Siddhartha Gautama wird im Buddhismus Buddha genannt. Das Wort bezeichnet den Erwachten. Vesakh verbindet drei Stationen seines Lebens in einem Fest:
- Geburt: Die Gläubigen erinnern an die Geburt Siddhartha Gautamas.
- Erleuchtung: Siddhartha erlangte nach buddhistischer Überlieferung unter einem Feigenbaum das Erwachen. Damit ist die Einsicht in einen Weg zur inneren Freiheit und zur Überwindung des Leidens gemeint.
- Parinirvana: Die Erinnerung an seinen Tod ist mit dem endgültigen Eingang ins Nirwana verbunden.
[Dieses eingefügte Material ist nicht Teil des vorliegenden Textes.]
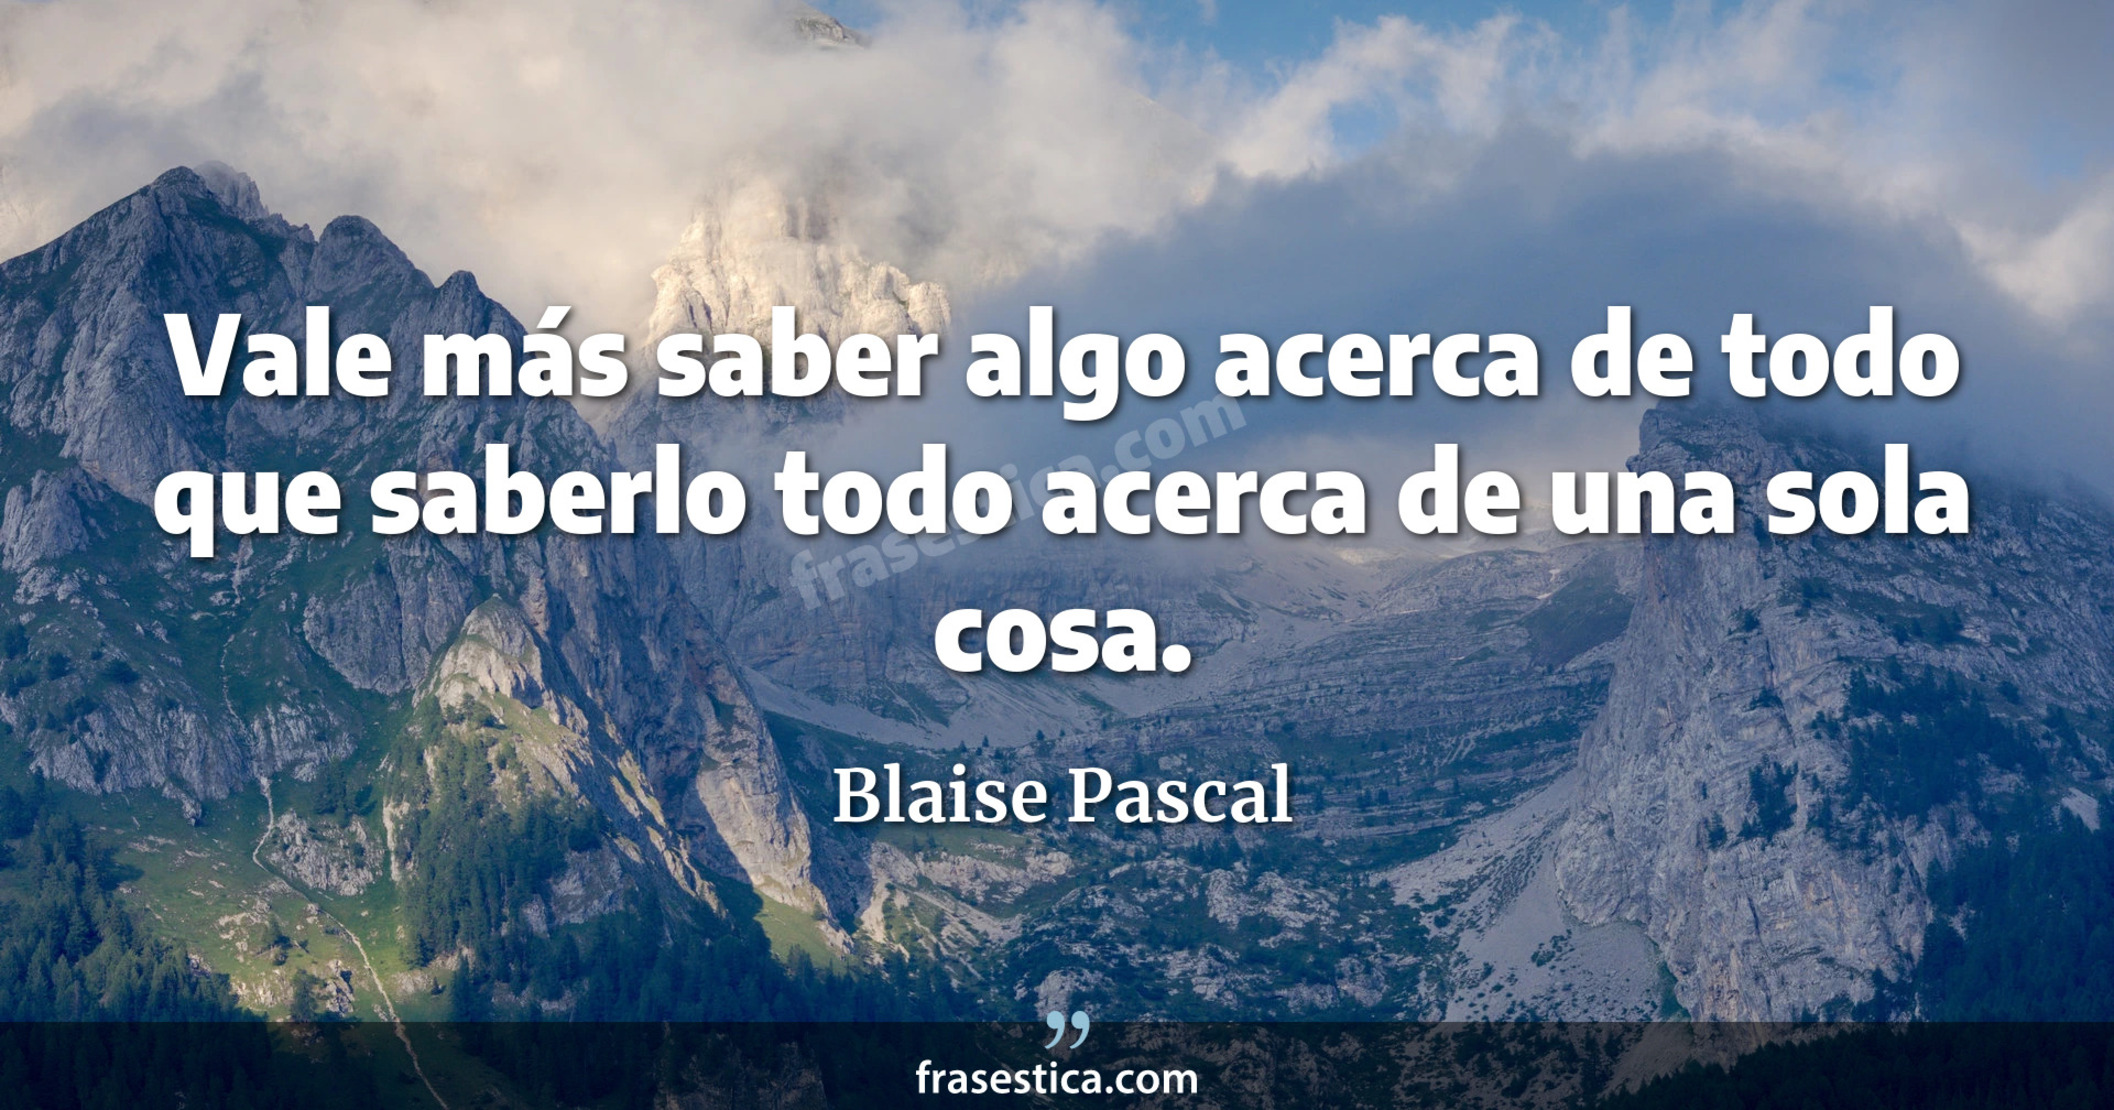 Vale más saber algo acerca de todo que saberlo todo acerca de una sola cosa. - Blaise Pascal

Nirwana bezeichnet in der buddhistischen Lehre die vollständige Aufhebung des Leidens und das Verlassen des Kreislaufs der Wiedergeburten.
Vesakh
Vesakh, auch Wesak oder Buddha-Tag genannt, ist ein buddhistisches Fest zur Erinnerung an Geburt, Erleuchtung und Parinirvana Buddhas.
Vesakh ist daher nicht einfach nur Buddhas Geburtstag. Die Verbindung aller drei Ereignisse macht den besonderen Umfang des Festes aus.
Erzählungen über Buddhas Geburt gehören zur religiösen Überlieferung. Dazu zählt die Geschichte, dass neun himmlische Drachen den neugeborenen Prinzen mit klarem Wasser begossen und sich Lotosblumen öffneten. Eine solche Erzählung drückt religiöse Bedeutung aus; sie ist kein historischer Nachweis.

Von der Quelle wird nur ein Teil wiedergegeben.